Oxytocin decreases social anxiety in mice, according to UC Davis study

New methods of research could help those with ADHD

Researchers at UC Davis have discovered that oxytocin, a stress-buffering molecule, exists in cells outside the hypothalamus and is located in the extended amygdala of the brain. The oxytocin produced in the extended amygdala can cause social anxiety behaviors to occur in mice, while oxytocin produced in the hypothalamus has been observed to induce prosocial behaviors. This new discovery shows that the location of the brain where this hormone is produced influences different types of behaviors.

The findings were published in the Proceedings of the National Academy of Sciences USA, and the lead author is Natalia Duque-Wilckens, a former doctoral researcher at UC Davis who now works at Michigan State University. The senior author is Brian Trainor, a professor of psychology at UC Davis and the vice chair of graduate education. 

Trainor started working on oxytocin about six years ago; he studied how stress affects oxytocin neurons in mice and how mostly-female mice that showed social anxiety behavior were seen to have more activity in their oxytocin neurons. The increased activity in their oxytocin neurons was originally thought to be a way to cope with stress, since oxytocin was known at the time to only reduce anxiety.

When these same mice were given intranasal oxytocin, the ones that were experiencing social stress did not change their behavior, according to Trainor. 

“It was kind of demoralizing, you know,” Trainor said. “We’ve gone through all the effort to learn the technique and we gave the oxytocin and it didn’t do anything.”

After that attempt, Trainor and his fellow researchers tried to give oxytocin to non-stressed females, which caused their behavior to change. The mice started acting like they have been exposed to stress and they started showing social anxiety behavior. 

“That was a turning point,” Trainor said. “We knew oxytocin was doing something to promote this anxiety behavior, but we didn’t know how, so Natalia, […] she’s the one who figured out how.”

Duque-Wilckens was able to use a drug to block oxytocin receptors in females that were exposed to stress, reducing social anxiety behavior. It was observed that one dose of the oxytocin receptor inhibitor had the same effect as four weeks of antidepressant treatment. She was able to prove that oxytocin receptors in the extended amygdala were important for this effect.

This study was a continuation of another paper where Duque-Wilckens explained how oxytocin is made in the hypothalamus and affects lactation and giving birth. The previous study explored how there is also some oxytocin in the brain and that cells outside of the hypothalamus can make oxytocin in the extended amygdala as well.

In that study, Duque-Wilckens injected small strands of DNA into the extended amygdala to prevent oxytocin from being made. The synthetic DNA strands then binded to the mRNA and prevented it from getting translated into a protein. The process of blocking the oxytocin synthesis caused the stressed mice to behave normally.

This differs from the regular process of giving the mice more oxytocin or giving it a drug that blocks the receptor, according to Trainor. 

“What’s very rare is to be manipulating the oxytocin production in specific locations in the brain,” Trainor said. 

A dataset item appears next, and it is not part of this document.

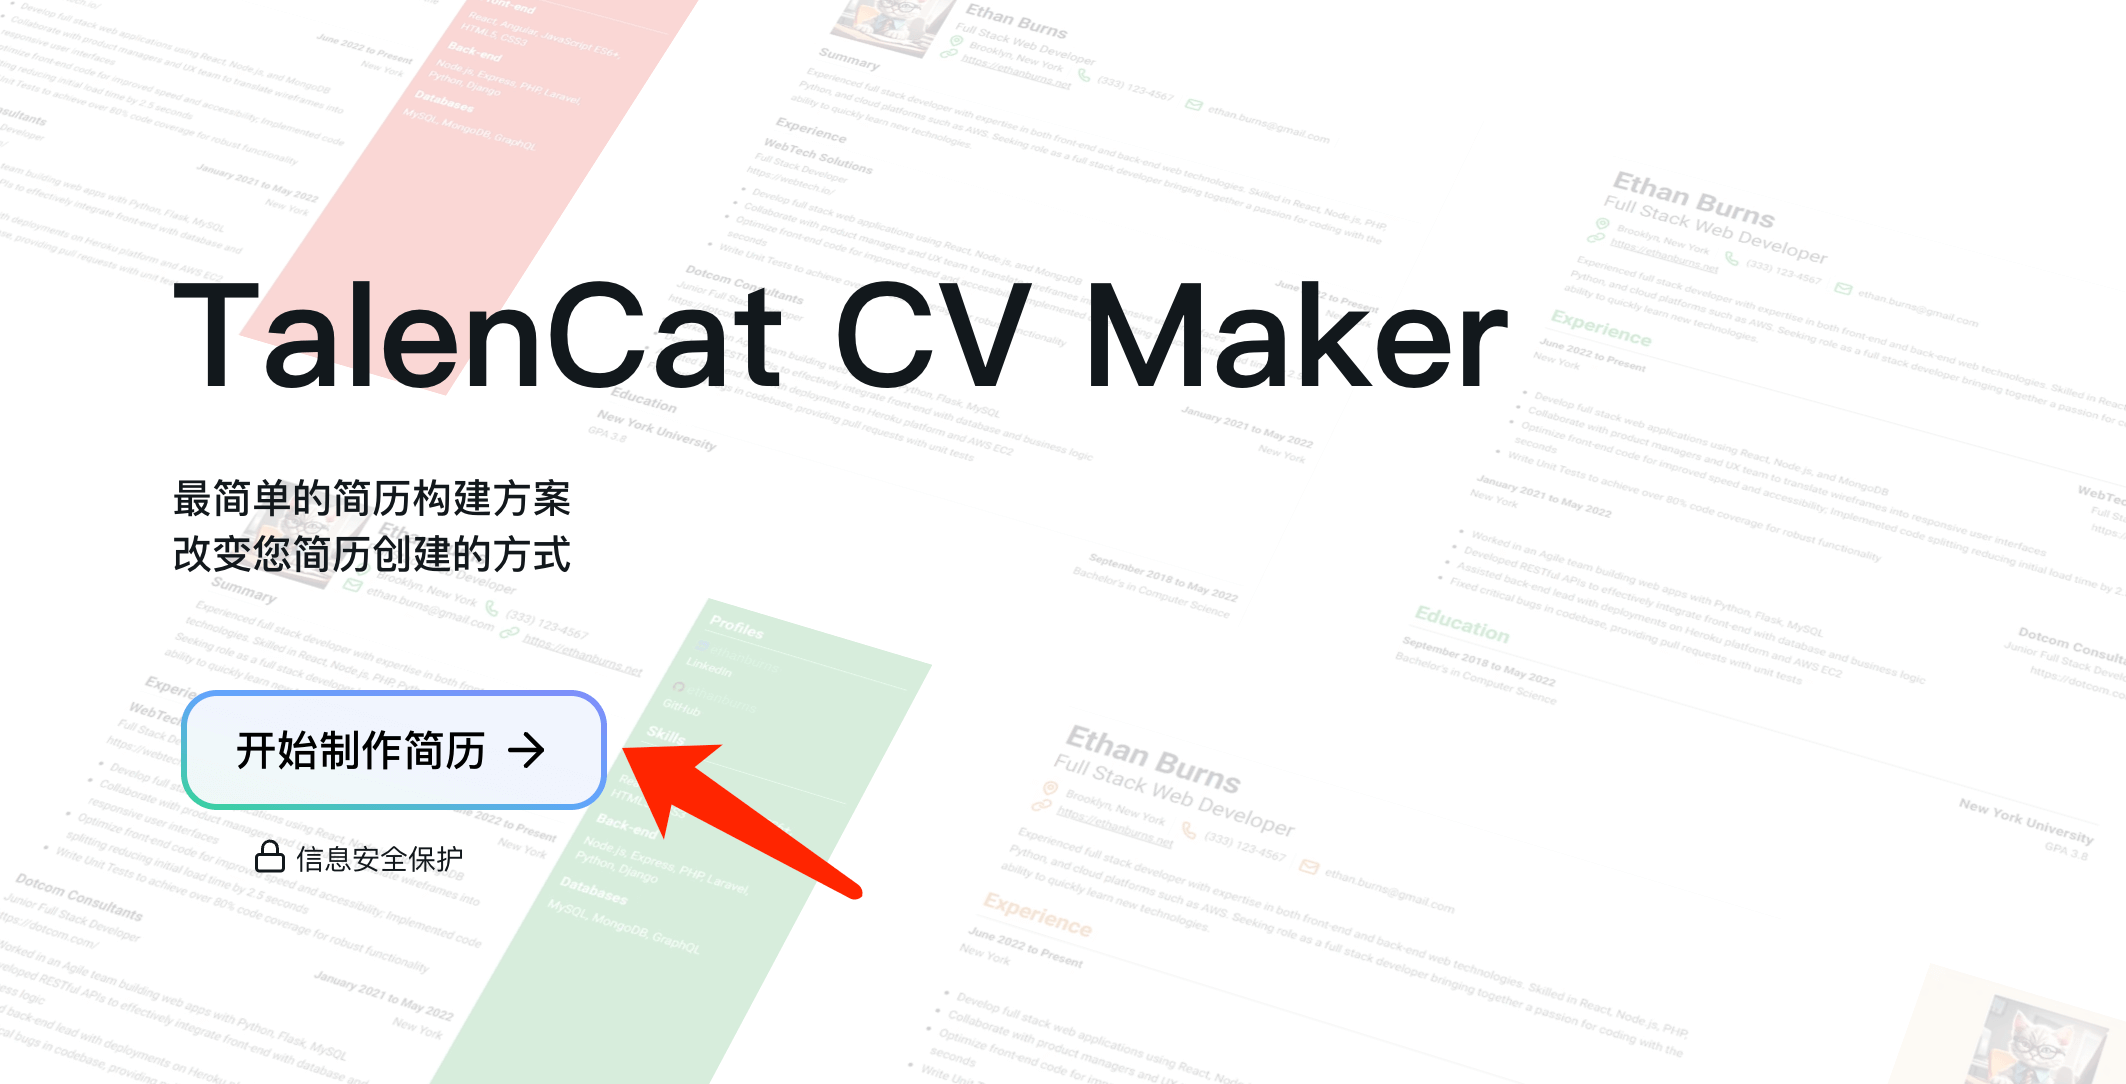 TalenCat CV Maker

Through this unique approach, the original hypothesis that blocking oxytocin receptors would increase anxiety has been proven false. Trainor explained that his ultimate goal is to confirm that the cells he is studying in mice are also present in the same part of the brain as humans, and to see if the results of new studies can be applied to humans with depression and anxiety.

“It turns out working with human brains is much more different than working with mouse brains,” Trainor said. “We still have more work to do.” 

Karen Bales, a professor of psychology at UC Davis, studies how oxytocin plays a role in the formation of social bonds and can be adapted for clinical uses. Bales applauded the researchers.

“Dr. Duque-Wilckens and Dr. Trainor’s finding suggests that it matters where the oxytocin is acting, and this is really important because oxytocin is used in humans both to induce labor and to treat social dysfunctions.” 

This finding will also help individuals with ADHD. According to a 2015 study, it was discovered that “rates of comorbid ADHD in social anxiety disorder patients were high (especially predominantly the inattentive type).” 

Faye Dixon, a professor of psychiatry and behavioral sciences at UC Davis, explained that ADHD is often associated with anxiety. 

 “What we are seeing in our studies is that it is not uncommon for people who have ADHD to also be diagnosed with anxiety, specifically generalized anxiety,” Dixon said.

When asked if having treatment for anxiety like the possible one indicated in Trainor’s study could potentially help individuals with ADHD, Dixon agreed. 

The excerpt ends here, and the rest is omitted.